SUPPLIED DATA:
*** Begin section ***

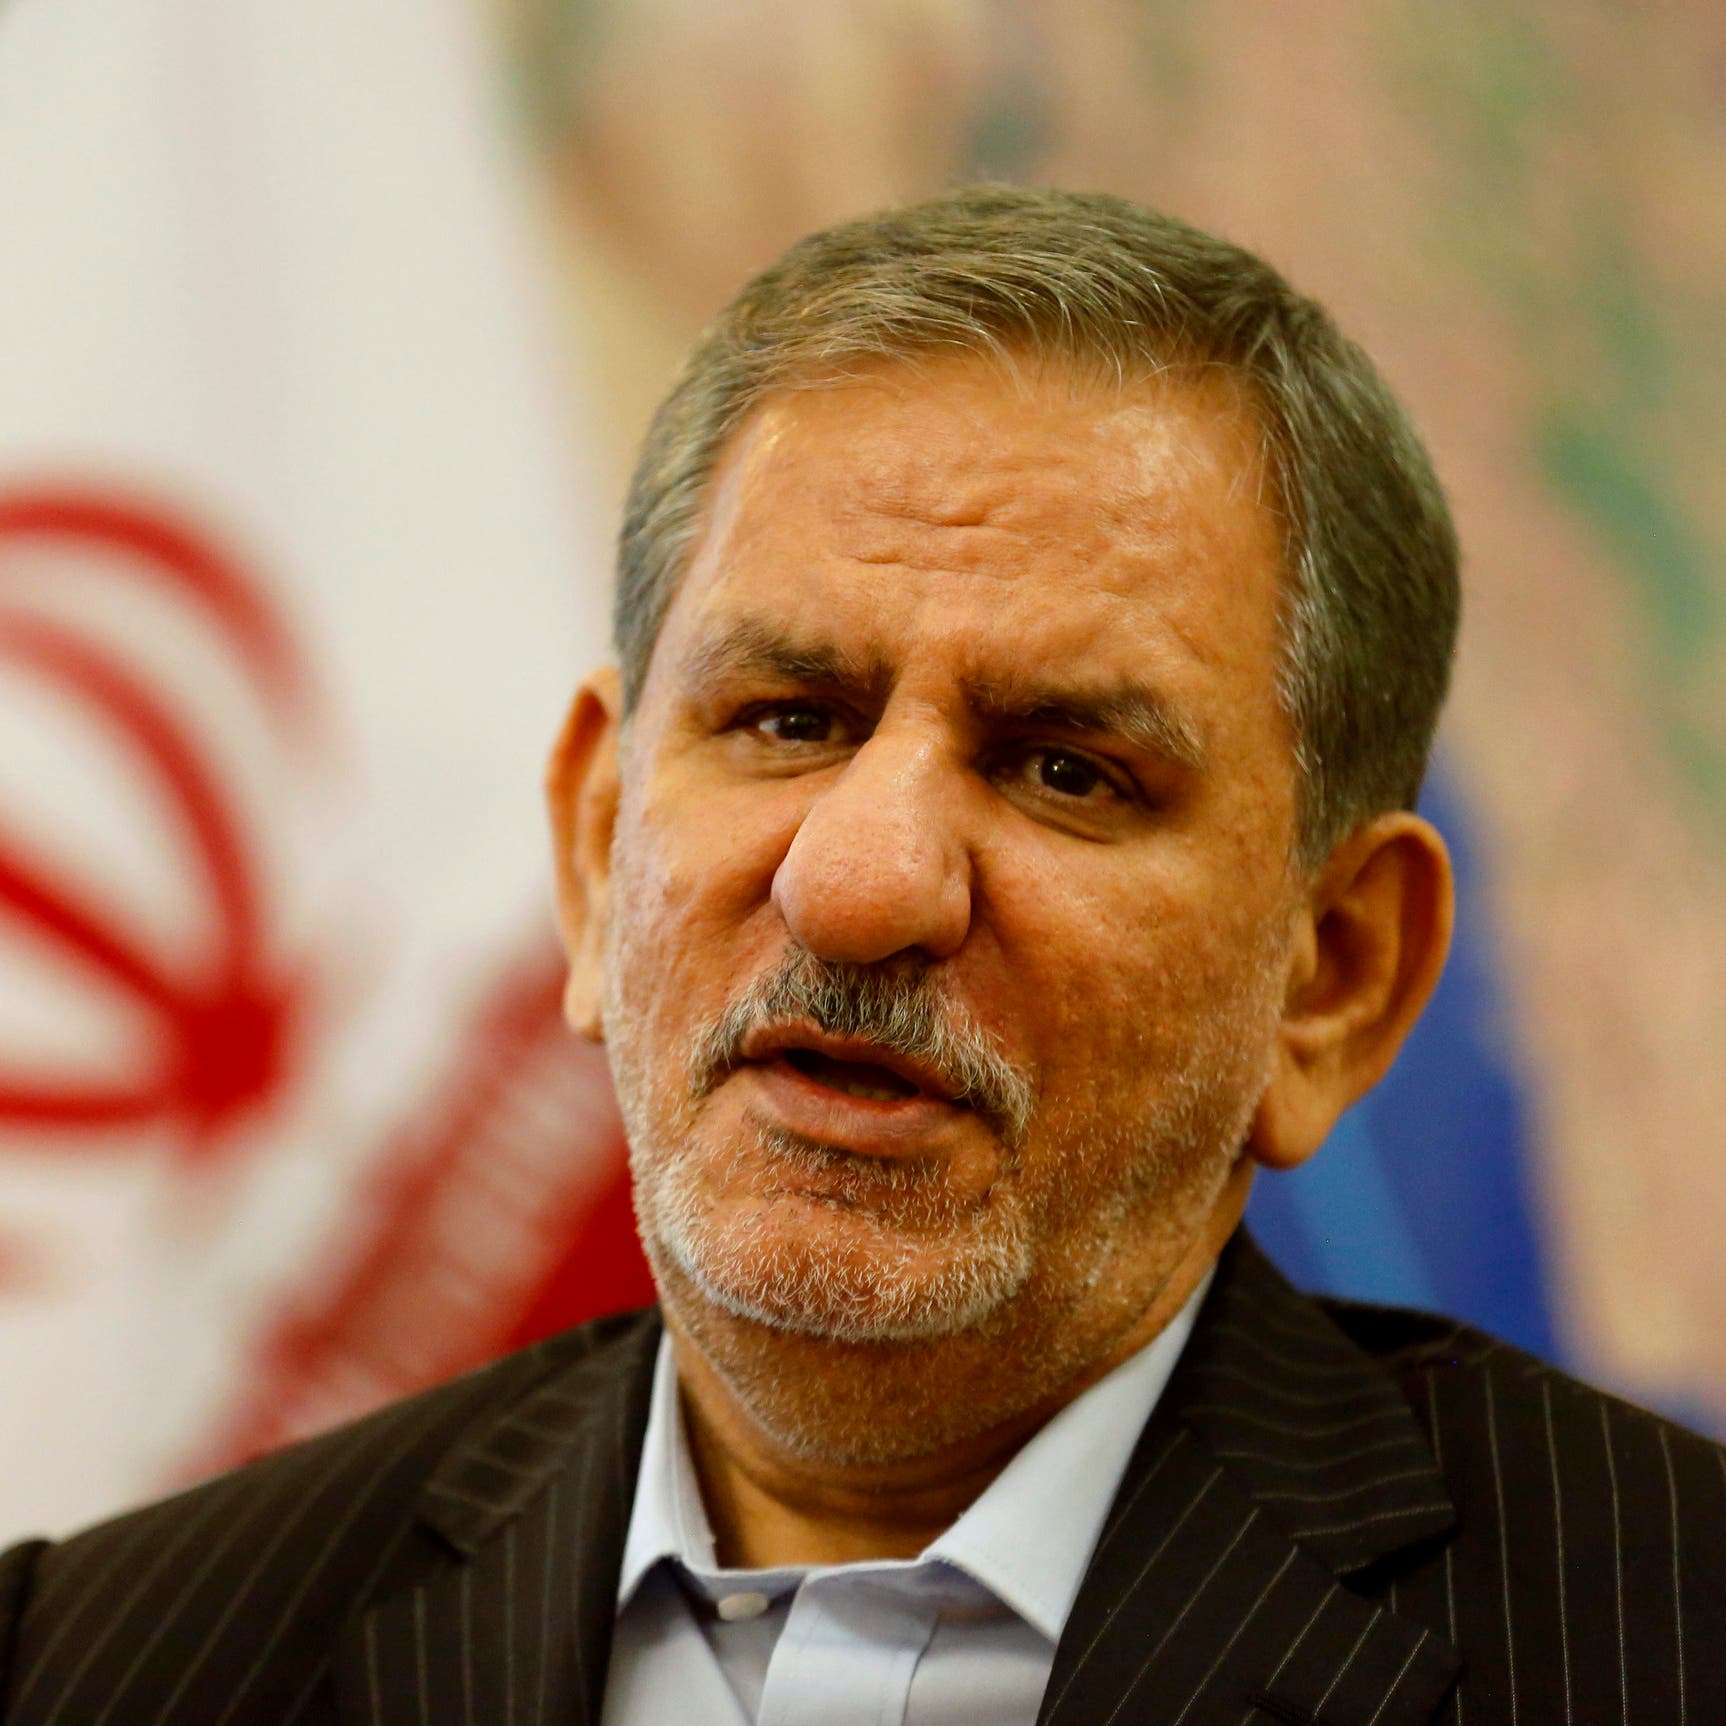 العقوبات تخنق إيران.. "لا يمكننا نقل دولار واحد"
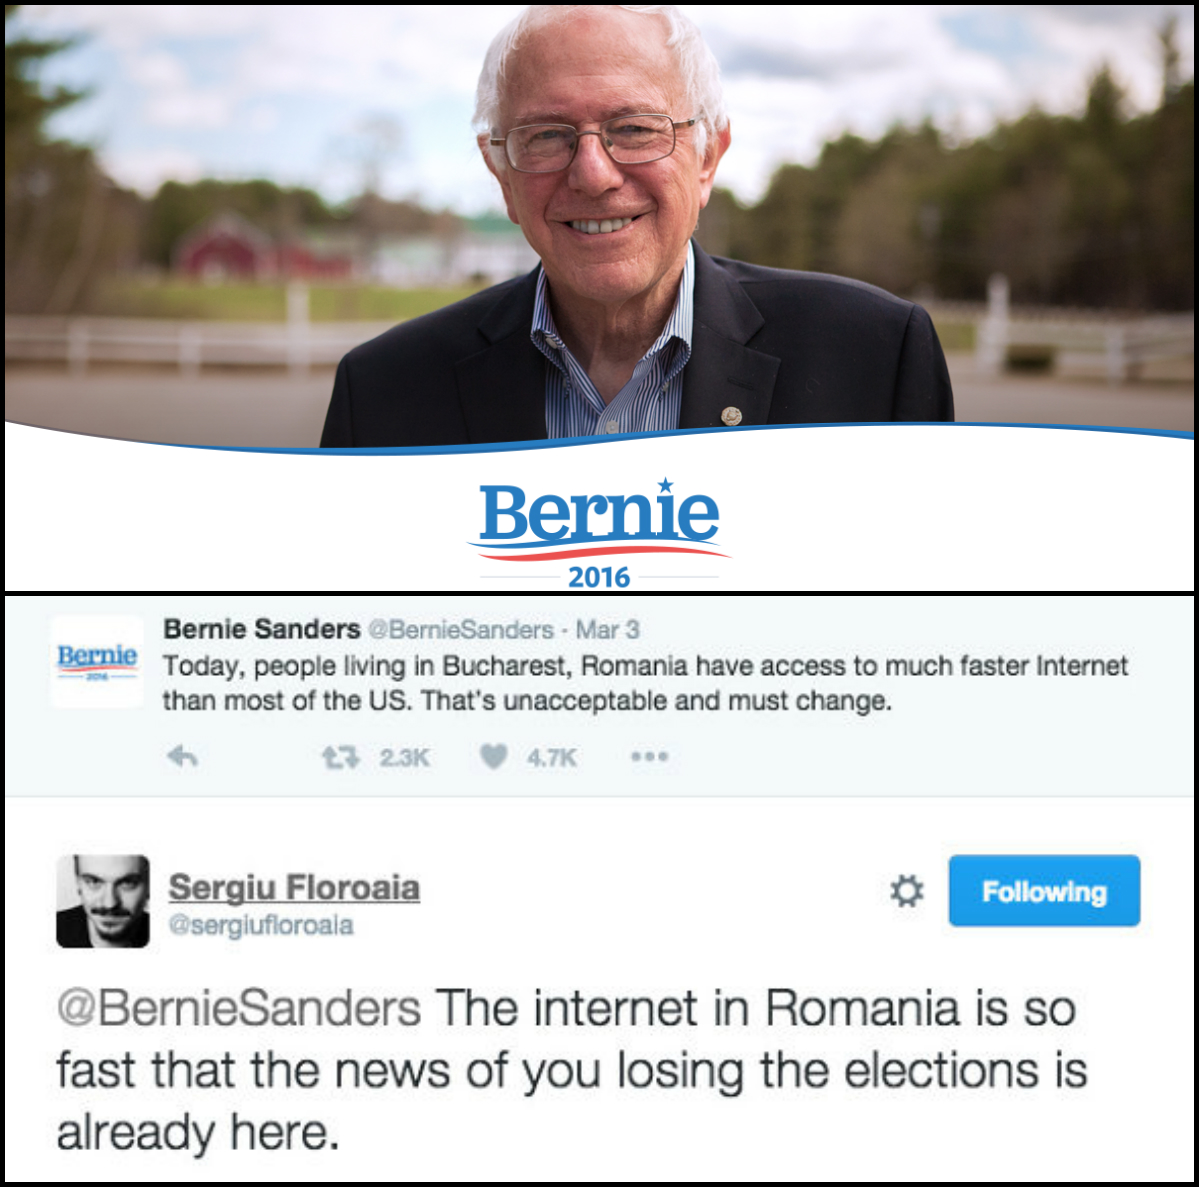 Internetul din România este atât de rapid, că vestea cum că Bernie Sanders a pierdut alegerile deja a ajuns la noi”, a fost una dintre glumele internauţilor români
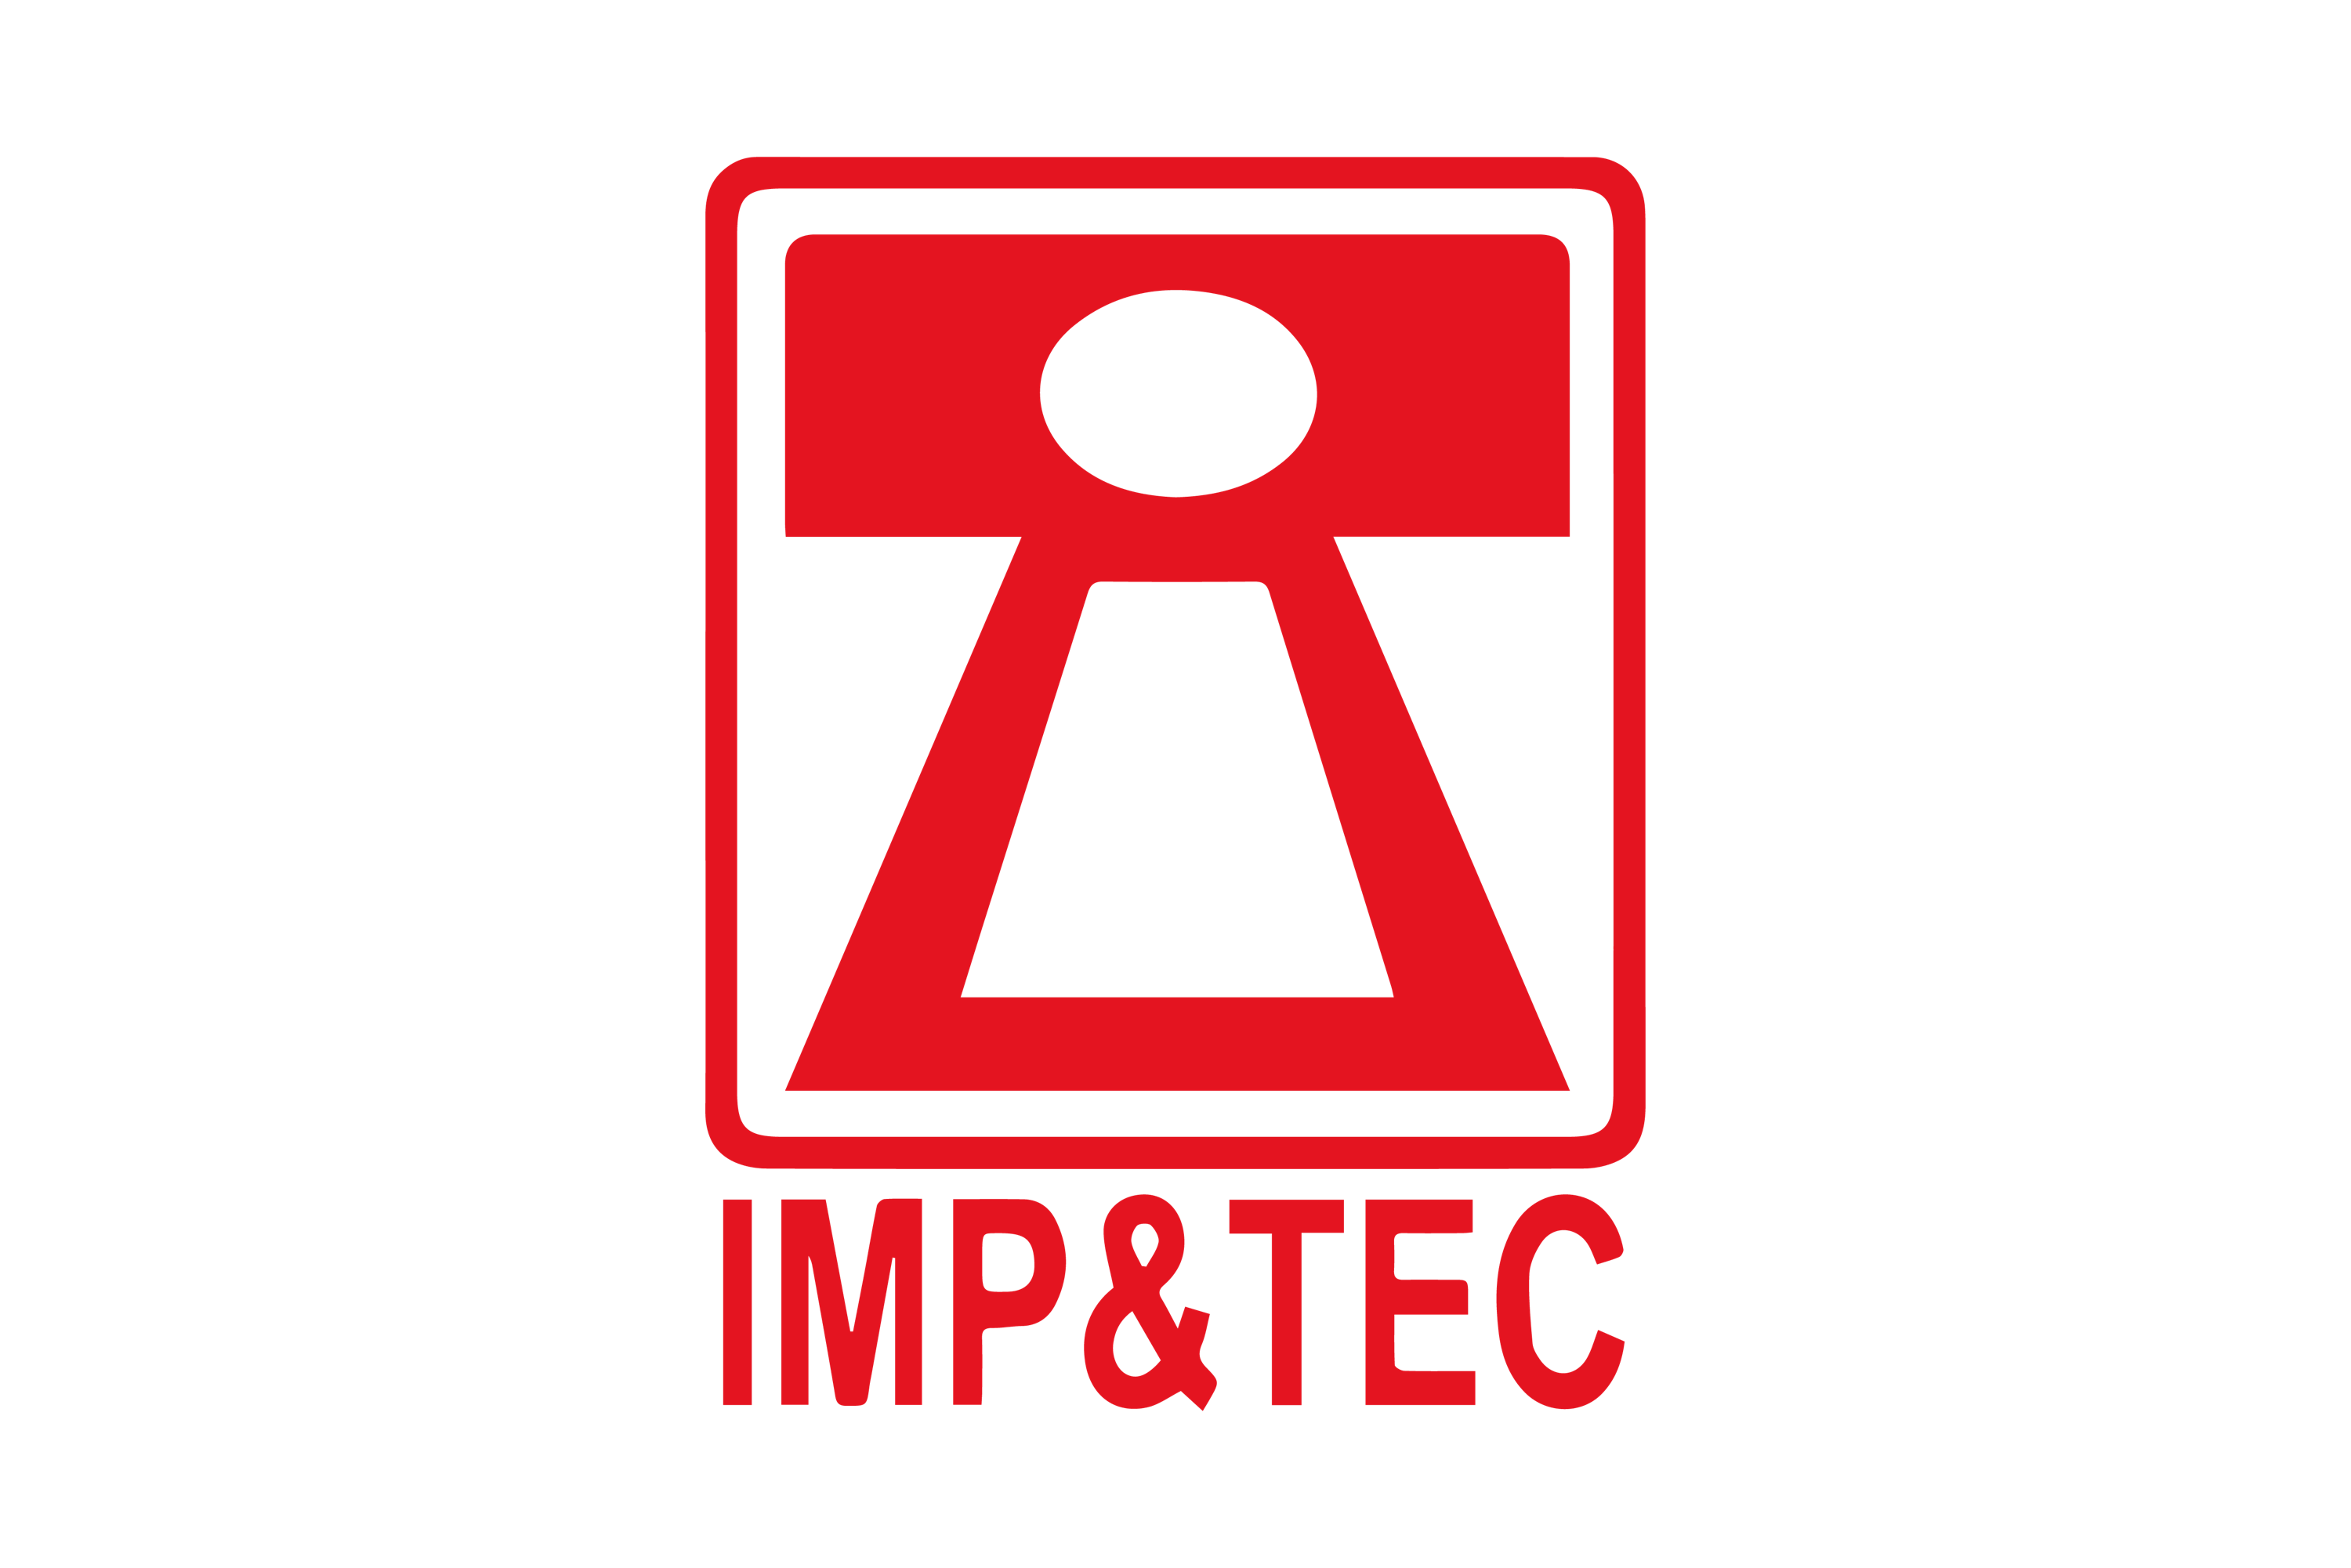 IMP&TEC

*** End section ***

TASK TO COMPLETE: Word for word, retype the lines from the one with "Internetul din România" through the final line of the data, both included. No pictures belong in the copy.

OUTPUT FOR THIS TASK:
 Internetul din România este atât de rapid, că vestea cum că Bernie Sanders a pierdut alegerile deja a ajuns la noi”, a fost una dintre glumele internauţilor români
 IMP&TEC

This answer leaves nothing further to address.